Last year, Ford put in place its Blue Hive model in Australia, a cross-agency unit combining media partner Mindshare, and creative and digital shops JWT and Wunderman under one roof.

Separately, in the current issue of AdNews in print (March), Dentsu Aegis CEO Luke Littlefield talks about Dentsu's parent company model being a benefit because it allows closer cross-agency working within the network that rivals such as WPP which operate a holding company model. You can subscribe in print here or download the iPad issue immediately.

Reported billings across the group were up 6.8% to £46.186 billion with £5.831 billion coming from net new business.

It cited as its hotspots, creative agencies J. Walter Thompson Worldwide, Ogilvy & Mather, Y&R, Grey and United which generated net new business billings of £898 million. GroupM, the group’s media investment management company, which includes Mindshare, MEC, MediaCom, Maxus, GroupM Search and Xaxis, which together with Tenthavenue, generated net new business billings of £4.377 billion.

So far this year, revenue in January is up 6.7%.

Sir Martin said the group's focus in the coming year is twofold. Firstly, revenue growth from a leading position in faster growing geographic markets and digital, premier parent company creative position, new business, "horizontality" and strategically targeted acquisitions.

Secondly, a continued emphasis on balancing revenue growth with headcount increases and improvement in staff costs/net sales ratio to enhance operating margins.

Despite strong growth and revenue, WPP said performance in parts of the Group’s data investment management custom businesses, public relations and public affairs, branding & identity, healthcare and direct, digital and interactive businesses fell slightly short

Most of the Group's revenue continues to come from advertising and media segments of the business, accounting for  £5.1 billion – and growing at 12%.

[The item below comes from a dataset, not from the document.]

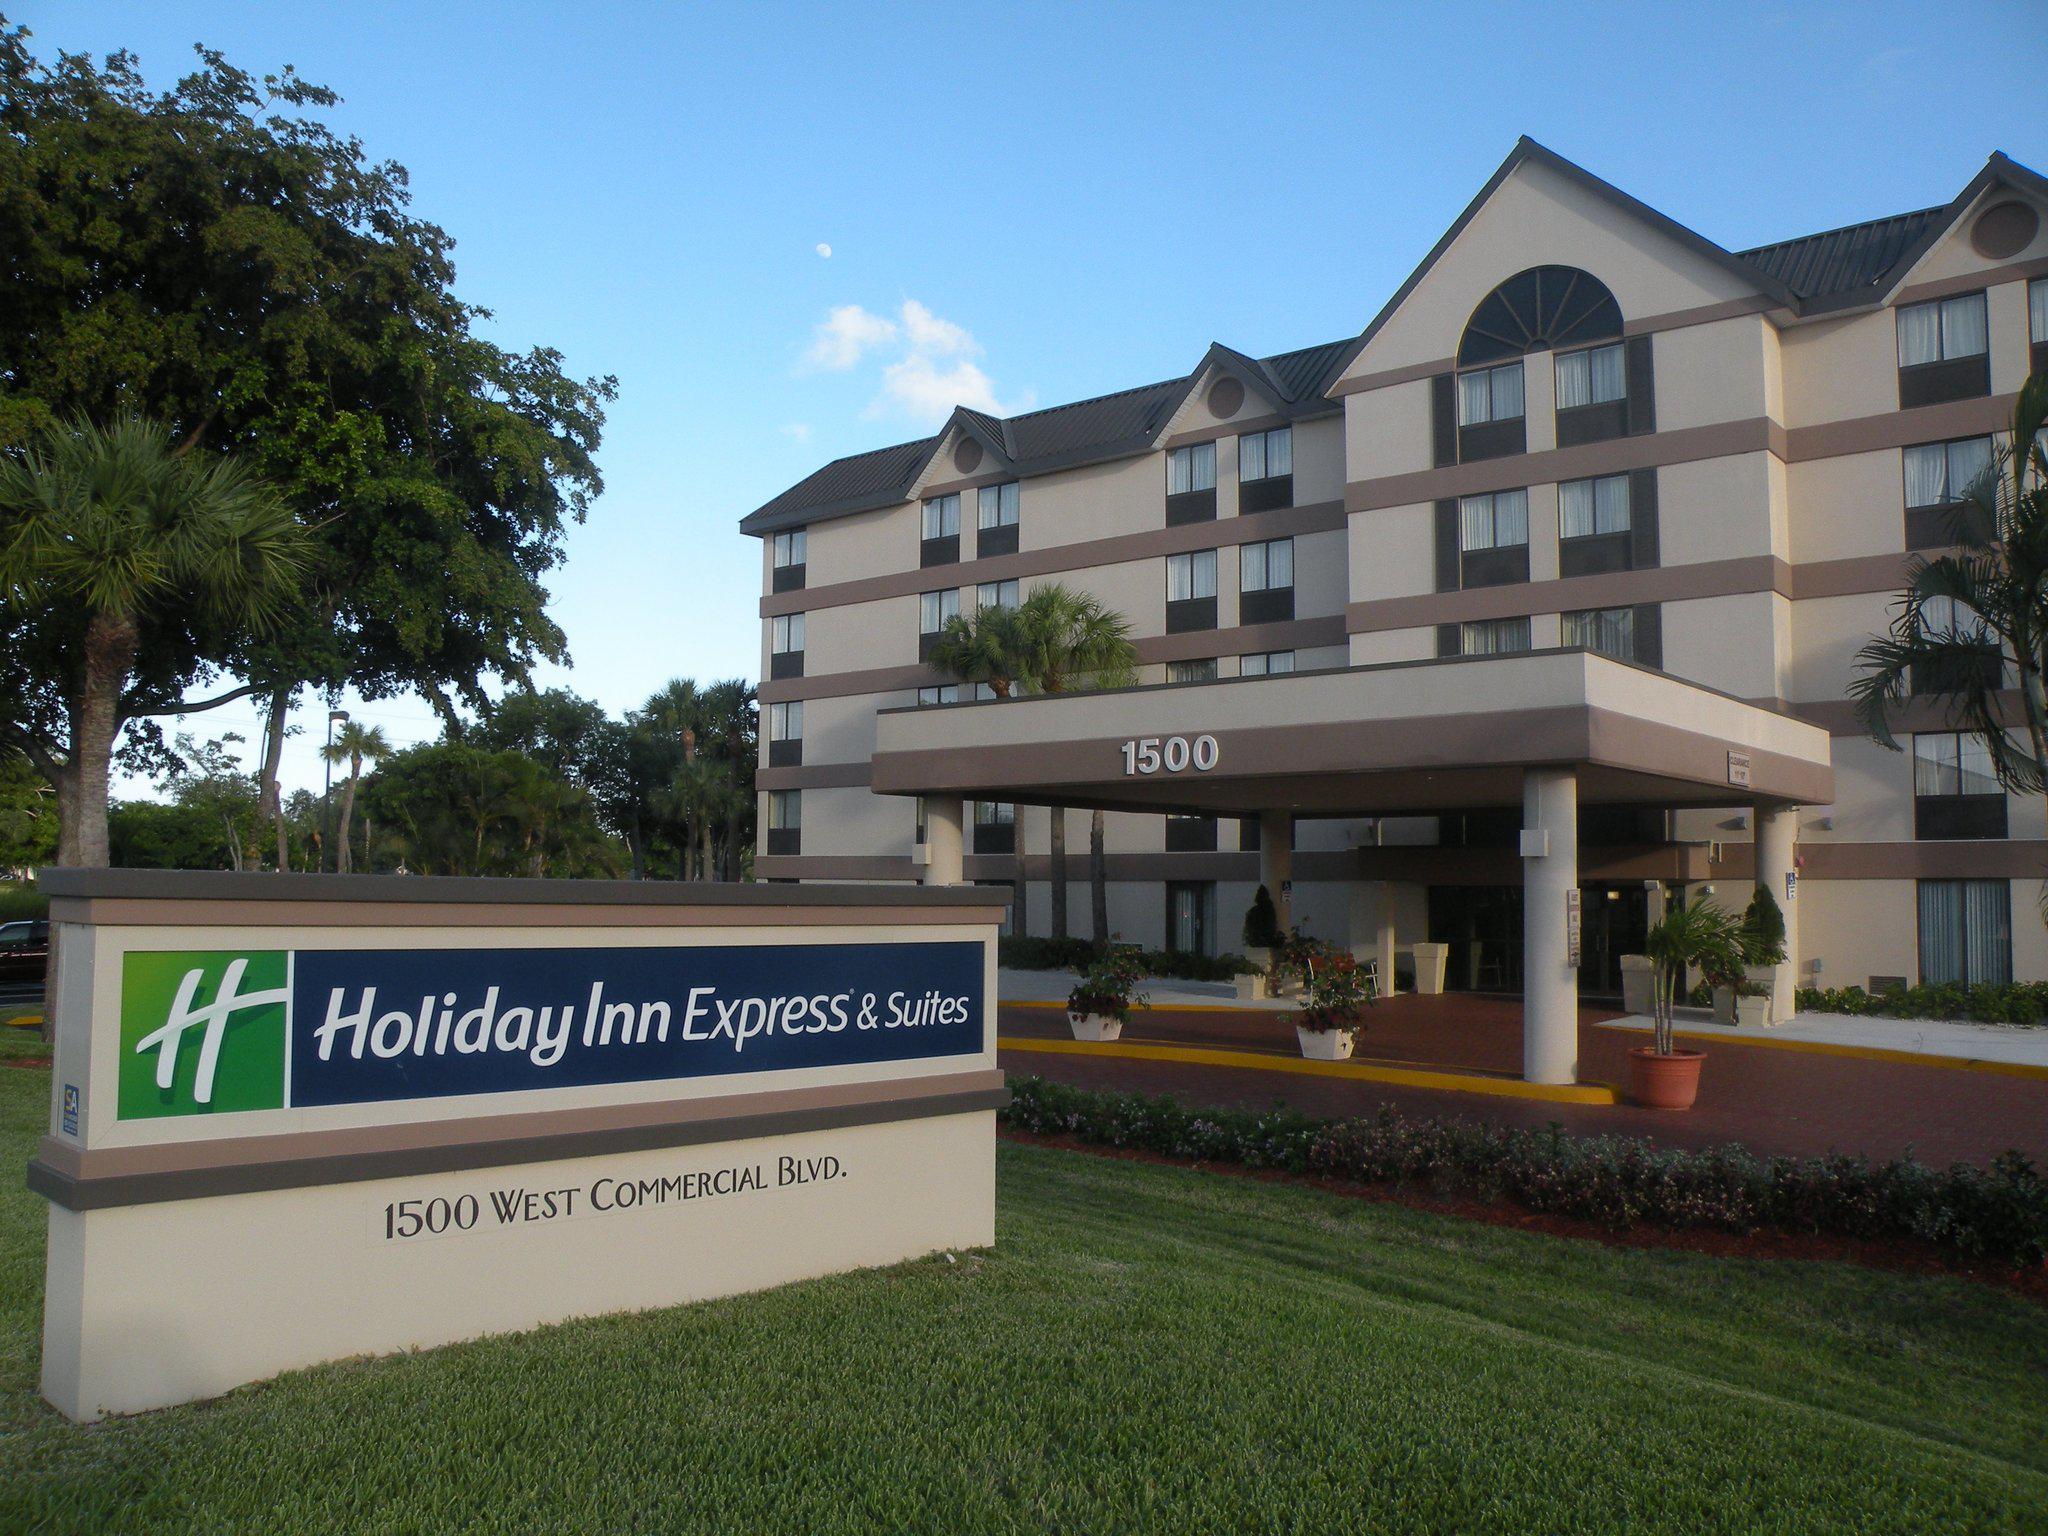 Holiday Inn Express & Suites Ft Lauderdale N - Exec Airport Photo

In 2014, 36% of the Group’s revenue and net sales came from direct, digital and interactive.

Data investment and management was the worst performing segment within the business declining 4.7% to 2.4 billion.

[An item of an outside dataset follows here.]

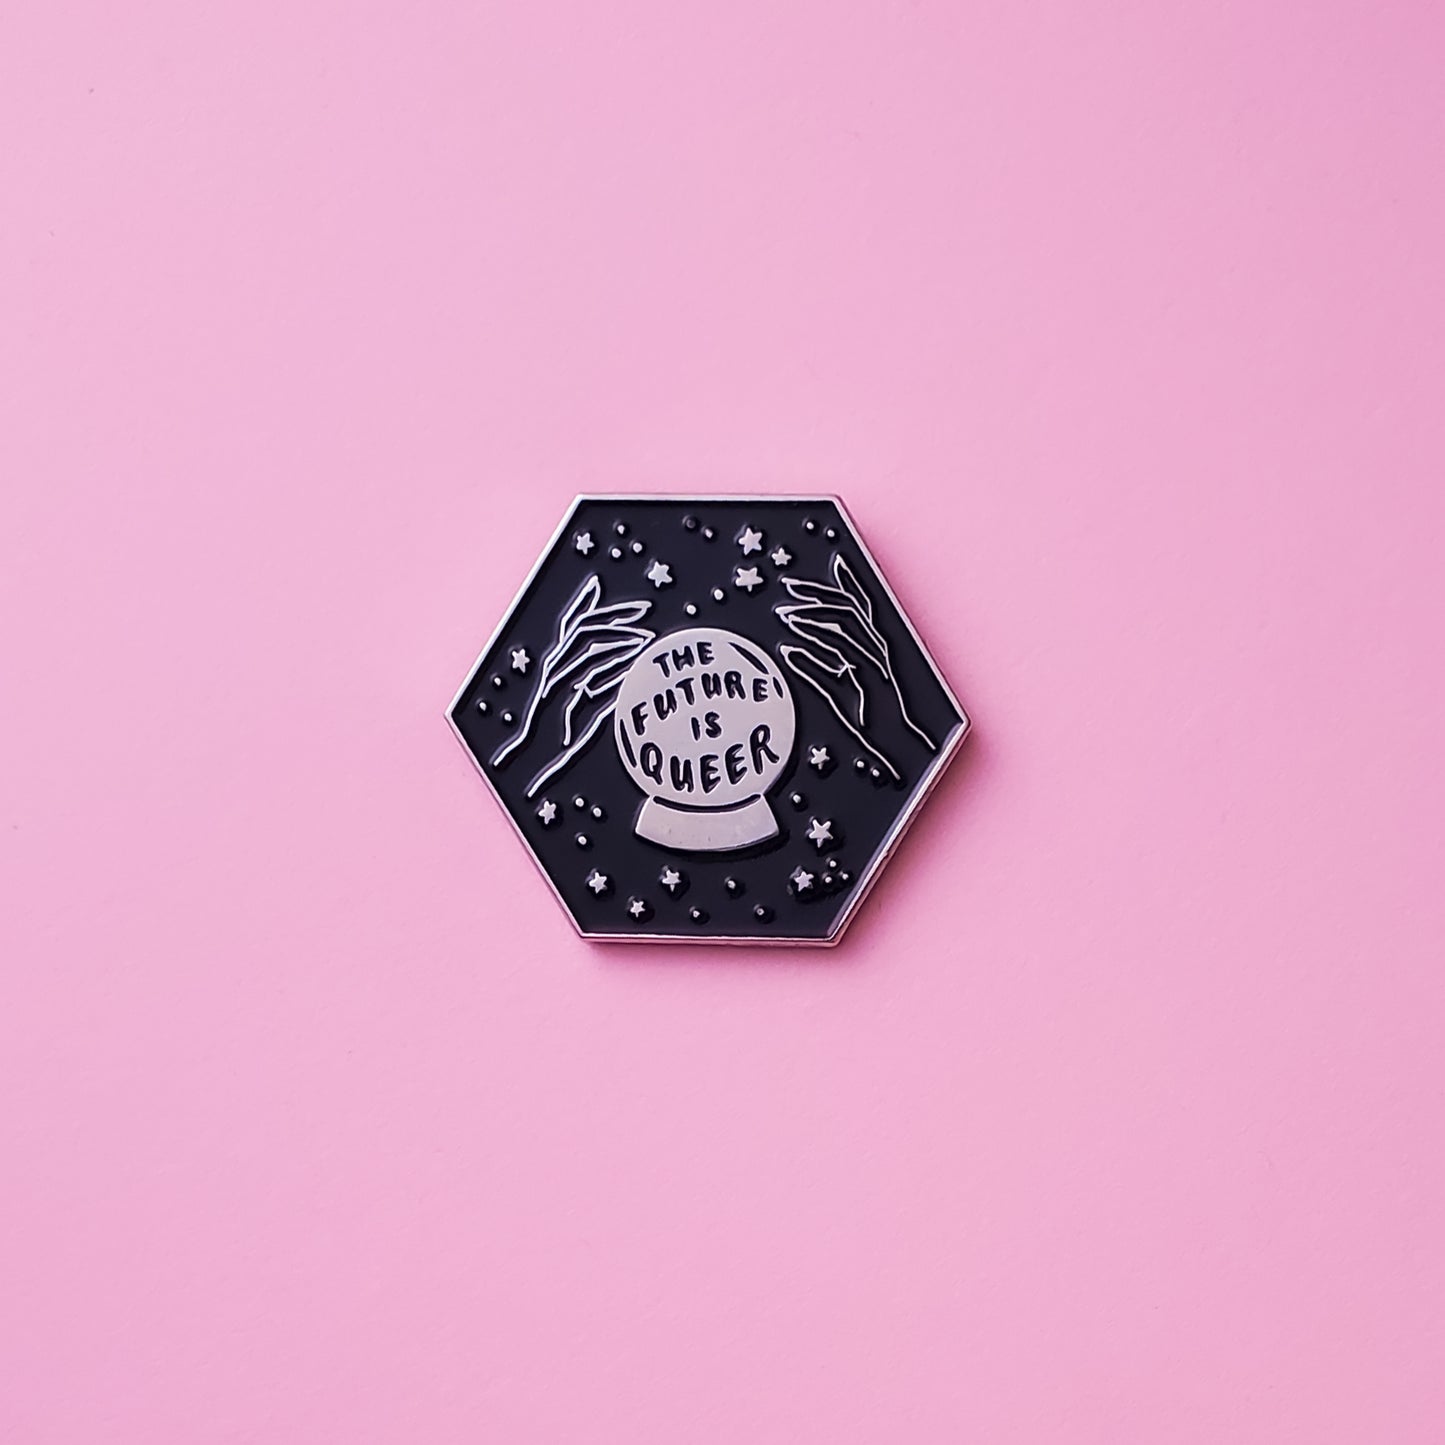 Hexagonal shaped pride pin on a pink background. This LGBTQ pin features two hands, stars, and a crystal ball that reads ' The Future is Queer' against black enamel. Future is Queer Pin For Sale - LGBTQ Accessories  | Little Rainbow Paper Co

WPP does not foresee the pressure on the industry abating any time soon with clients expected to continue to demand “more for less”. He also outlined the continuing pressure to come from within the industry from price cutting as “consolidating competitors discounting their pricing heavily or offering guarantees, particularly in media investment management, to defend their incumbent positions.”

Sir Martin said: “Although consumers and corporates both seem to be increasingly cautious and risk averse, they should continue to purchase or invest in brands in both fast and slow growth markets to stimulate top line sales growth. As the former leading chief investment officer of one of the largest investment institutions said perceptively, companies may be running out of ways of reducing costs and have to focus more on top line growth. Merger and acquisition activity may be regarded as an alternative way of doing this, particularly funded by cheap long-term debt, but we believe clients may regard this as a more risky way than investing in marketing and brand and hence growing market share.”

It did not split out specific figures for the Australian market, but divisions within the group – specifically GroupM Australia – are expected to have taken a hit as a result of the costs of the recent audit into TV reporting irregularity.

Earlier this week GroupM Australia chairman John Steedman declined to comment on how much the process has cost.